Гэллегер был непритворно озадачен.

– Не понимаю, каким образом. Ваши программы лучше. У вас объемное цветное изображение, вся современная техника, первоклассные актеры, музыканты, певцы…

– Бесполезно, – повторил робот. – Не стану.

– Заткнись, Джо. Никто не может с вами тягаться, Брок. Это вовсе не комплимент. И все говорят, что вы вполне порядочный человек. Как же удалось «Сонатону» вас обскакать?

Брок беспомощно развел руками.

– Тут все дело в политике. Контрабандные театры. С ними не очень-то поборешься. Во время избирательной компании «Сонатон» поддерживал правящую партию, а теперь, когда я пытаюсь организовать налет на контрабандистов, полиция только глазами хлопает.

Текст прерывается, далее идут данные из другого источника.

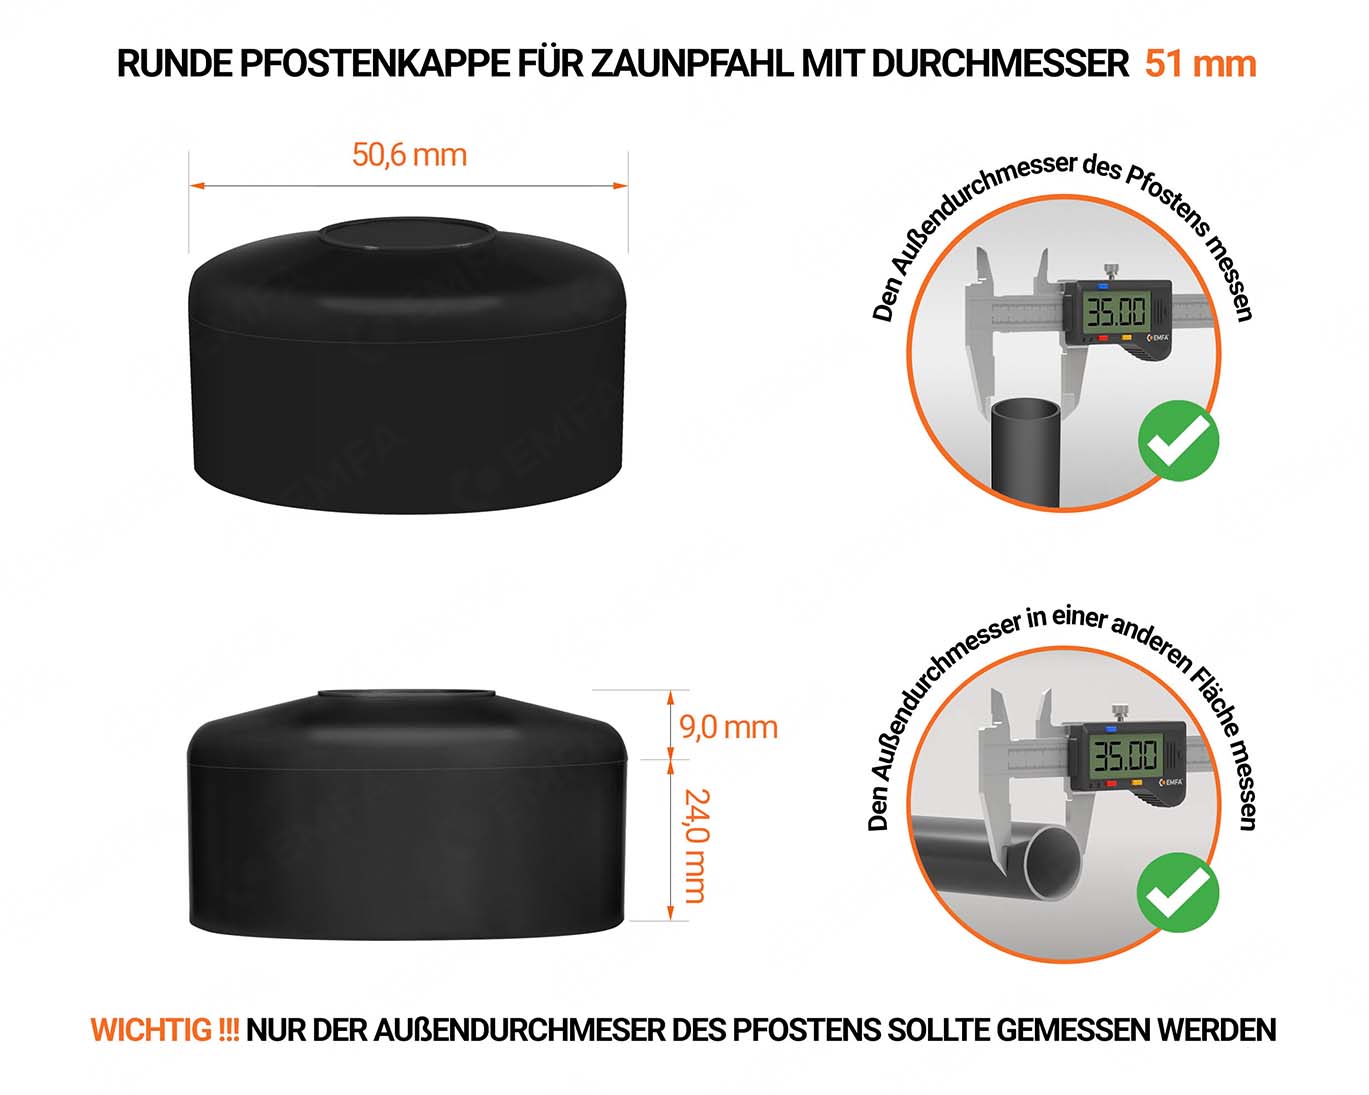 Schwarze Pfostenkappen rund für Pfostendurchmesser  51 mm mit technischen Abmessungen und Anleitung für korrekte Messung

– Контрабандные театры? – Гэллегер нахмурился. – Я что-то такое слыхал…

– Это началось давно. Еще в добрые старые времена звукового кино. Телевидение вытеснило кинофильмы и крупные кинотеатры. Люди отвыкли собираться толпами перед экраном. Усовершенствовались домашние телевизоры. Считалось, что гораздо приятнее сидеть в кресле, потягивать пиво и смотреть телепрограмму. Телевидение перестало быть привилегией миллионеров. Система счетчиков снизила стоимость этого развлечения до уровня, доступного средним слоям. То, что я рассказываю, общеизвестно.

– Мне не известно, – возразил Гэллегер – Без крайней необходимости никогда не обращаю внимания на то, что происходит за стенами моей лаборатории. Спиртное плюс избирательный ум. Игнорирую все, что меня не касается. Расскажите-ка подробнее, чтобы я мог представить себе картину целиком. Если будете повторяться – не страшно. Итак, что это за система счетчиков?

– Телевизоры устанавливаются в квартирах бесплатно. Мы ведь не продаем их, а даем напрокат. Оплата – в зависимости от того, сколько времени они включены. Наша программа не прерывается ни на секунду – пьесы, снятые на видеопленку, фильмы, оперы, оркестры, эстрадные певцы, водевили – все, что душе угодно. Если вы много смотрите телевизор, вы и платите соответственно. Раз в месяц приходит служащий и проверяет показания счетчика. Справедливая система. Держать в доме «Вокс-вью» может себе позволить каждый. Такой же системы придерживается «Сонатон» и другие компании, но «Сонатон» – это мой единственный крупный конкурент. Во всяком случае, конкурент, который считает, что в борьбе со мной все средства хороши. Остальные – мелкие сошки, но я их не хватаю за глотку. Никто еще не говорил про меня, что я подонок, – мрачно сказал Брок.

– Ну и что?

– Ну и вот, «Сонатон» сделал ставку на эффект массового присутствия. До последнего времени это считалось невозможным – объемное изображение нельзя было проецировать на большой телевизионный экран, оно двоилось и расплывалось полосами. Поэтому применяли стандартные бытовые экраны, девятьсот на тысячу двести миллиметров. С отличными результатами. Но «Сонатон» скупил по всей стране массу гнилых кинотеатров…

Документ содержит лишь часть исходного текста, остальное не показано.